Burning it down wasn't the problem; shipping civilians, mostly women, against their will is. It's why there's not much complaint about the soldiers heating track rails and bending them around trees; that was to prevent it's use to transport material and troops, and bending the rail prevented simply connecting it back together.

Soldiers were doing the right thing. Sherman didn't have the logistics to support them. Not sure what the atrocity is here.
Oh? Telling them to leave without so much as a suggestion of where they could go and what they would do? The only time Sherman tried to address it was out near Savannah, and that led to the rumor of "40 acres and a mule." It was later determined that Sherman had exceeded his authority.

To see the problem, consider what happened to the Union officer Jeff Davis (no relation to the Confederate president) at Ebenezer Creek. His unit was crossing a pontoon bridge and a large number of emancipated slaves were following when the received word that Joe Wheeler was bearing down on them. He got his unit across and, to protect them, cut loose one side of the bridge and pulled it in to their side of the shore. With no place to go and Confederate calvary bearing down, the former slaves panicked. Many died trying to cross. Davis' first responsibility was to his mission, but that's not how the Northern press saw it. He already wasn't the most popular officer in the Union Army, and Ebenezer Creek didn't help his career much.

So it was that when I learned that the first US military governor of the Alaska Territory was Jeff Davis, I couldn't help but wonder if what happened at Ebenezer Creek was why he was sent to administer "Steward's Folly:" A command as far away from the rest of the army as possible.

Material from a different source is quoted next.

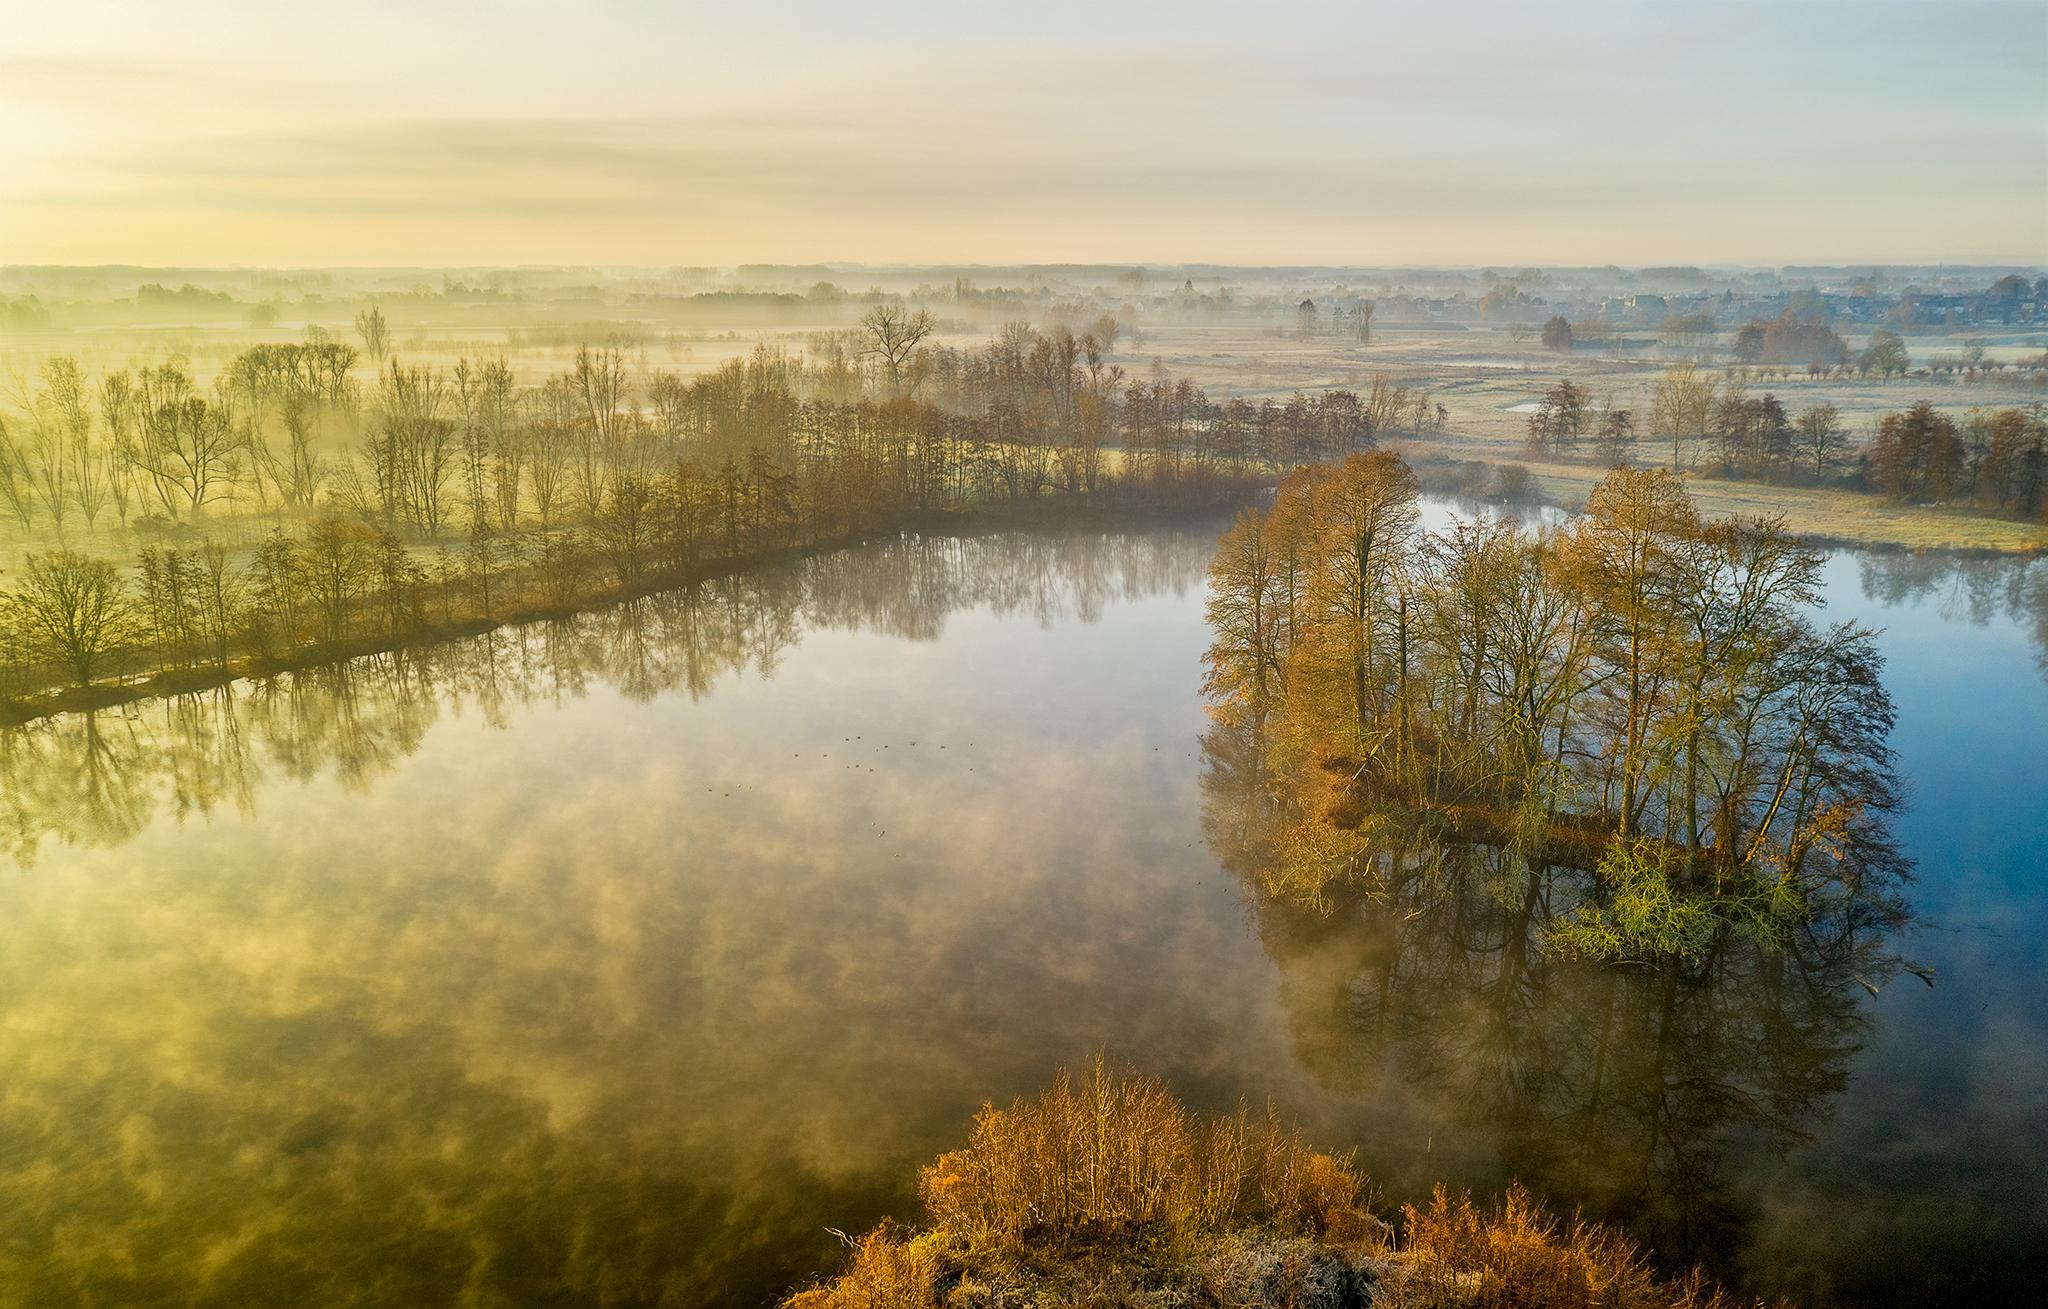 Kalkense Meersen on a cold, misty morning., Belgium

None of this would have happened had the slaves not been encouraged to leave. Not to remain slaves, but to at least come to an understanding that they were no longer slaves and would be compensated for their labor - as apparently one farmer offered to do. His former slave replied they had to leave because they were told to do so. I can't help but wonder how many who did as the soldiers urged and left ended up coming back simply because there was no where else to go.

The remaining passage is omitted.